Validation and Uncertainty
What an extraordinary conversation I had recently on Twitter. It started with Neil Killick’s statement that we should not consider our stories truly done until validated by actual use. This is a lovely thing, if we can manage it. While I’ve not set such a bold declaration of “done,” I’ve certainly advocated for testing the benefit of what we build in actual use. Deriving user stories from hypothesis of what the users will do, and then measuring actual use against that hypothesis is a very powerful means of producing the right thing—more powerful than any Product Owner or Marketing Manager could otherwise dream up.
While I often recommend such an approach as part of “Lean Startup in the Enterprise,” when I hear someone else say it, it’s easier to think of potential problems. Paul Boos says it’s “balanced insight.” I fear it’s me being contrary, but I do like to examine multiple sides of a question when I can. In any event, such conversations help me to think deeper about an issue.

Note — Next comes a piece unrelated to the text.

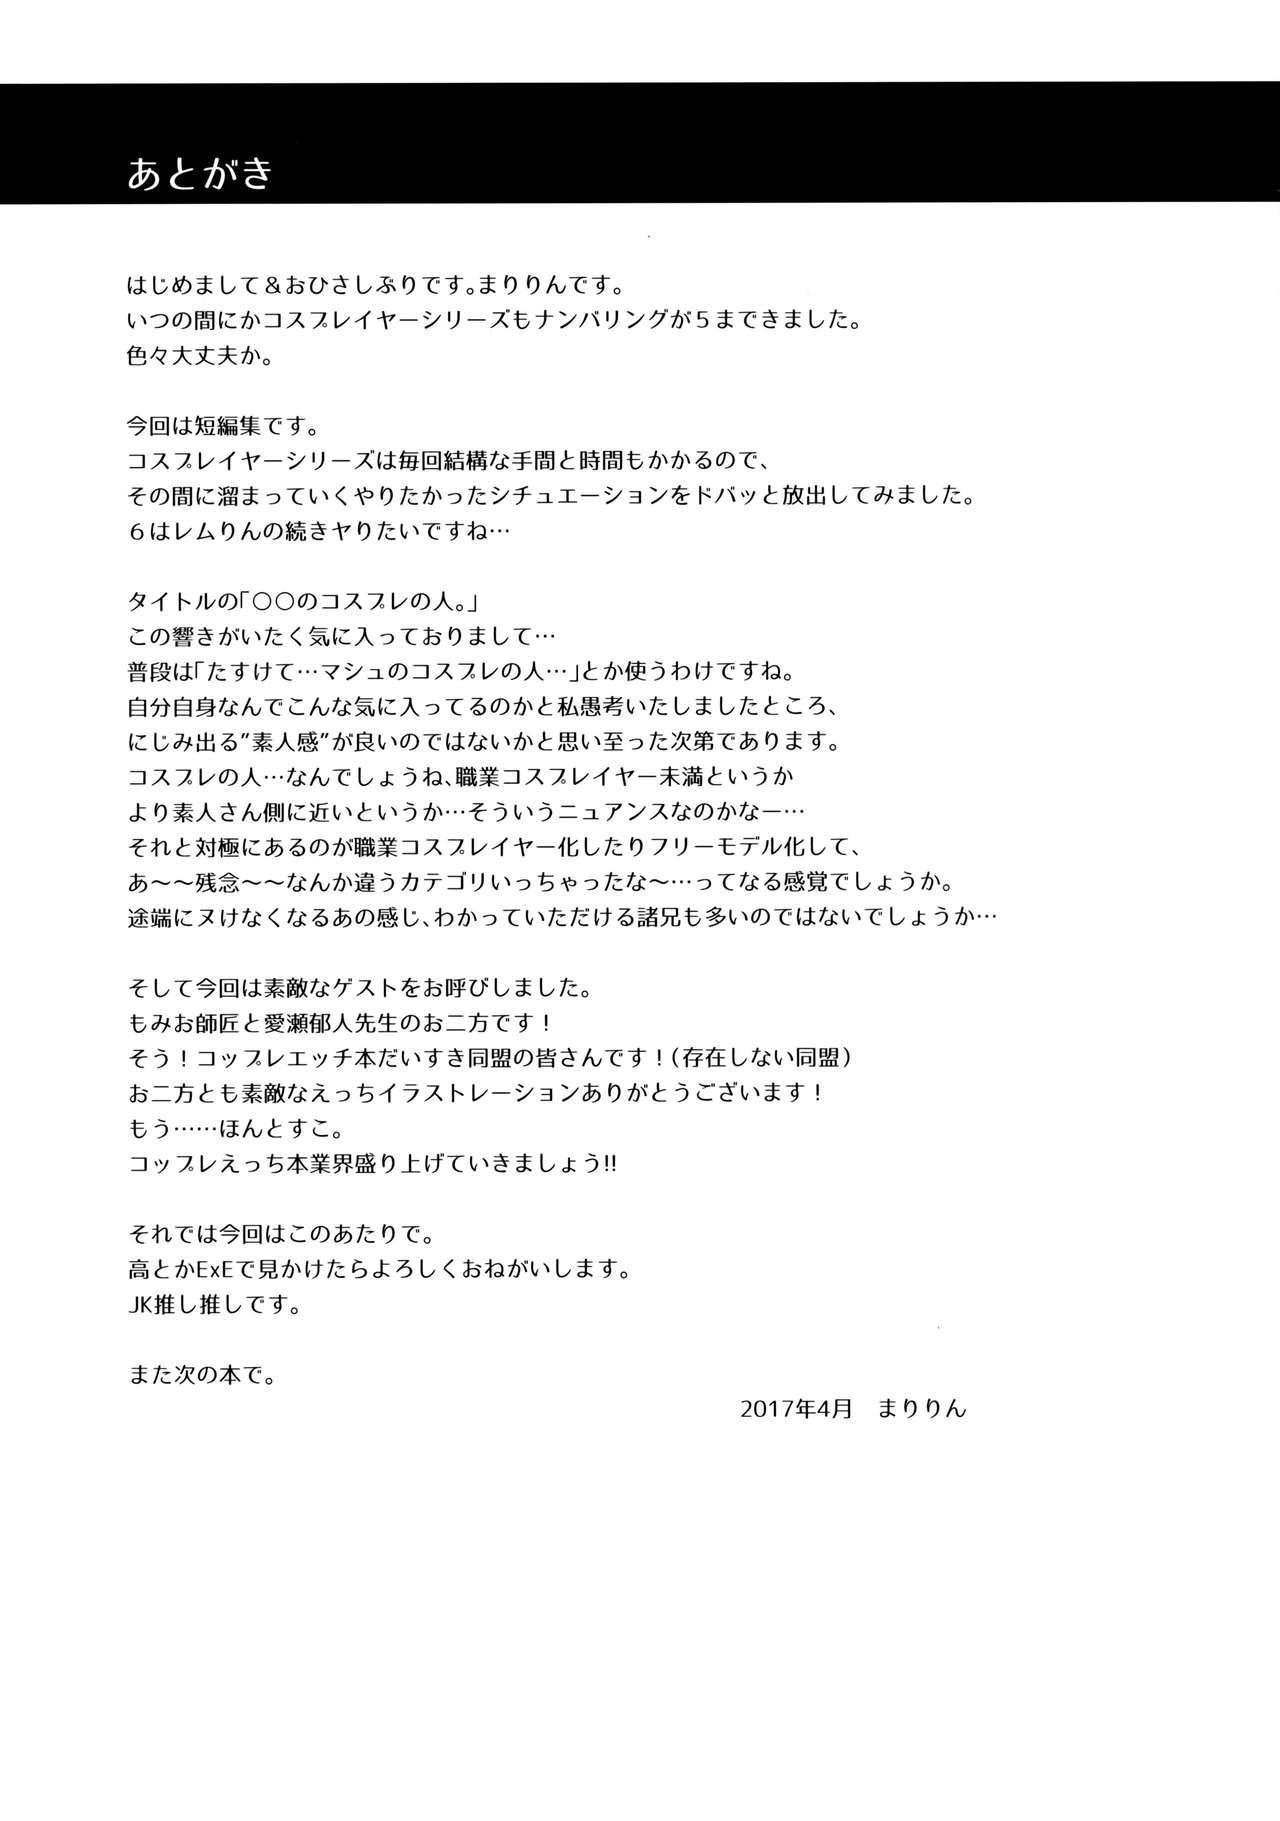 ○○ no Cosplay no Hito. 15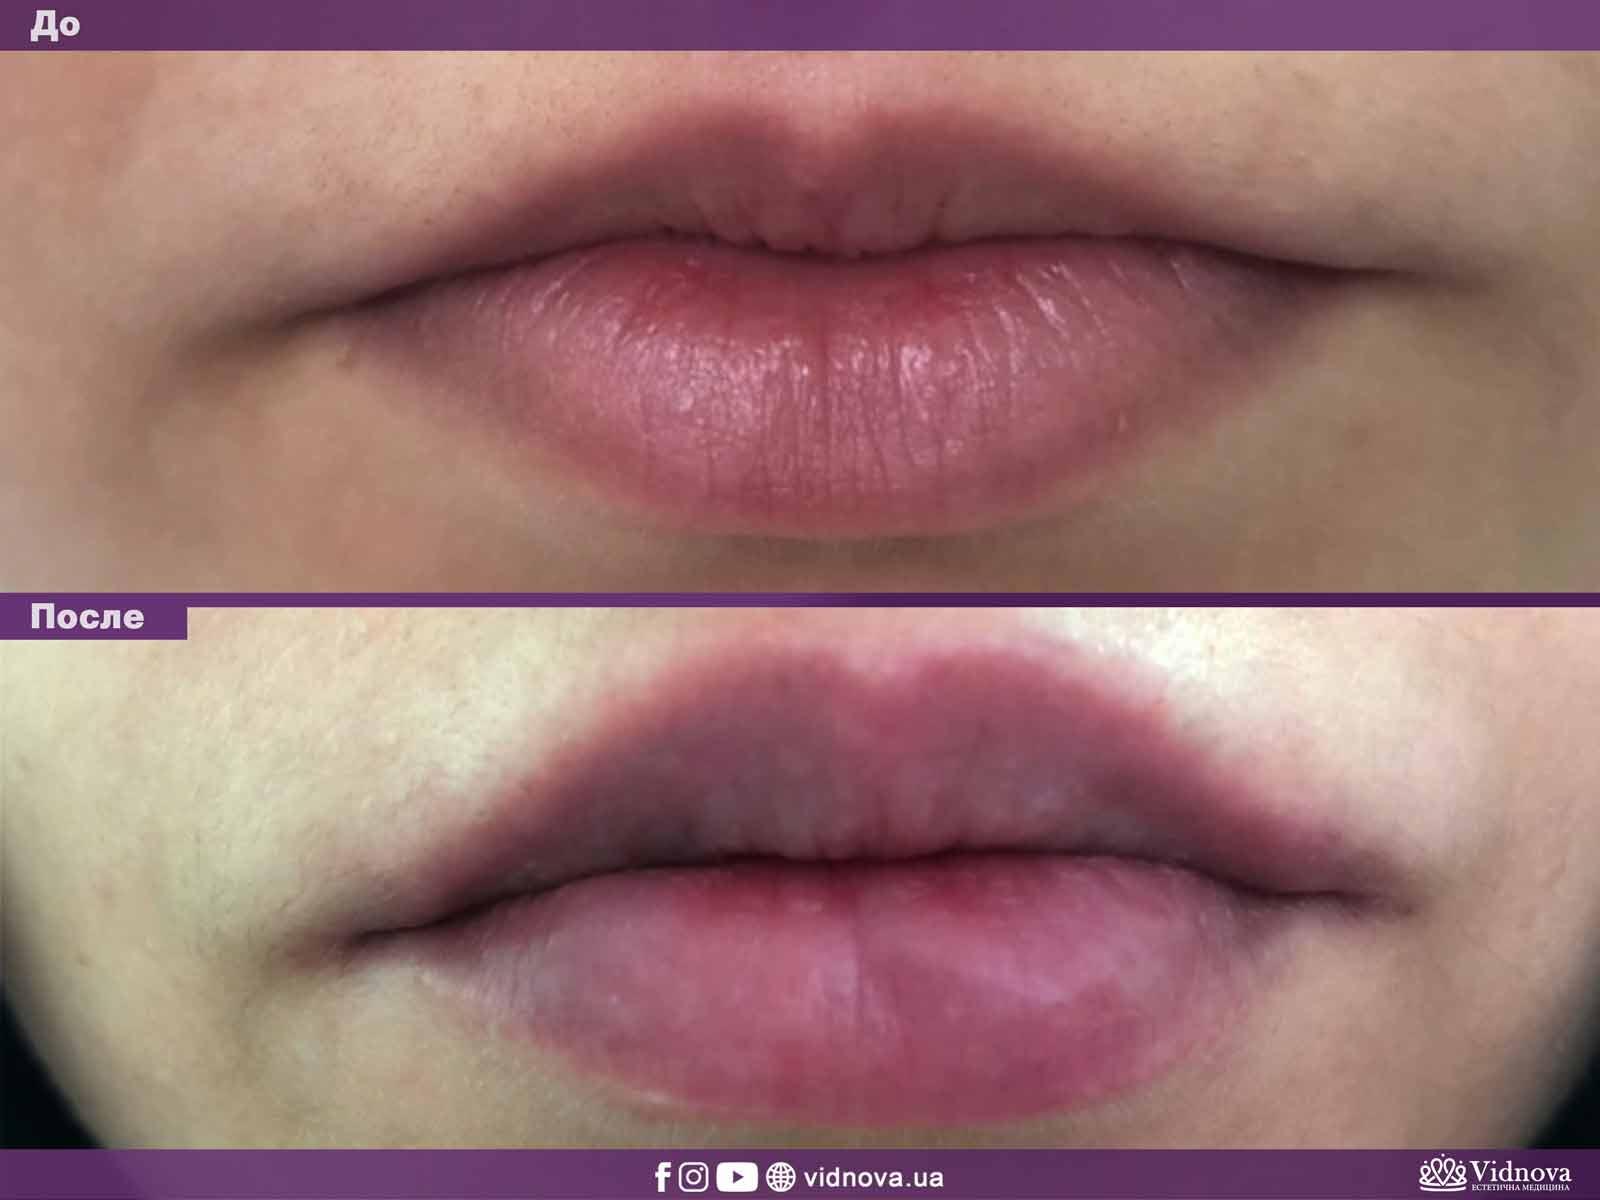 Увеличение губ: Фото До и После - Пример №12-1 - Клиника Vidnova

The first situation I considered was the solar calibrator for Landsat VII. When you only get one launch date, it’s a bit hard to work incrementally, validating the value with each increment. Instead, we must validate as best we can prior to our single irrevocable commitment. This involves quite a bit of inference from previous satellites, and from phenomena we can measure on earth. We must also predict future conditions as best we can, so that we can plan for both expected conditions and anomalies that we can envision. This is an extreme situation, and it’s quite possible we’ll utterly fail.
So, the conversation turned to ecommerce systems. Surely we can measure user behavior and know what effect a change makes. We can measure the behavior, all right, but even without making any change, we may notice a lot of variance in that behavior. If a variance of 5% to 10% can be expected week-over-week in some measured behavior, then a change that might produce a 1% to 2% change is very hard to detect.
The obvious answer is to maintain a control group. If we present some users with an unchanged system and others with the change, then we can measure the normal variation in the control group and the normal variation plus the variation specific to the change in the experimental group. Given a sufficient number of users, the normal variation should be equal between the two groups.
Is, however, the specific variation a lasting phenomena in response to the essence of the change, or is it transient behavior triggered by the fact that there was a change? In spite of the Hawthorne Effect being a legend based on poor experimental design, novelty does attract interest.
When we gain in one respect, we lose in another. With either of these methods, there may be errors in what we think we know about them. And any time we segment, we’re reducing the quantity in a study group, increasing the chance that our measurements may be due to random chance rather than the change we are studying.
The use of statistics can help us estimate whether or not a variation is specific or random. It can tell us whether the change is statistically significant, and what is our confidence level that it’s not random. It cannot, however, assure us of our conclusions.
Statistics also can only alert us to correlation, not to causation. The behavior change we notice may be due to an overlooked difference that accompanies the difference we’re attempting to measure. If we’re not very careful, then there may be systemic bias that we don’t notice, and we make the wrong presumption from the evidence.
In the world of commerce, we rarely have the opportunity to repeat our experiments to see if they’re repeatable. We want to keep progressing, and so we lose the baseline conditions that would allow us to repeat. Also, our system is just a small part of the daily life of a potential customer. It’s just a small part of the larger system made up of all the other small systems they use. Those other systems also have the capability to change the user’s behavior with our system. Perhaps they change how the user perceives our system can be operated, or sets a different standard for what is considered acceptable.
The world is a bit unpredictable. In the end, we seem to be measuring what happened against what we estimate would have happened, otherwise. Sometimes it may seem very clear to us; sometimes murky. Always we have the possibility of fooling ourselves.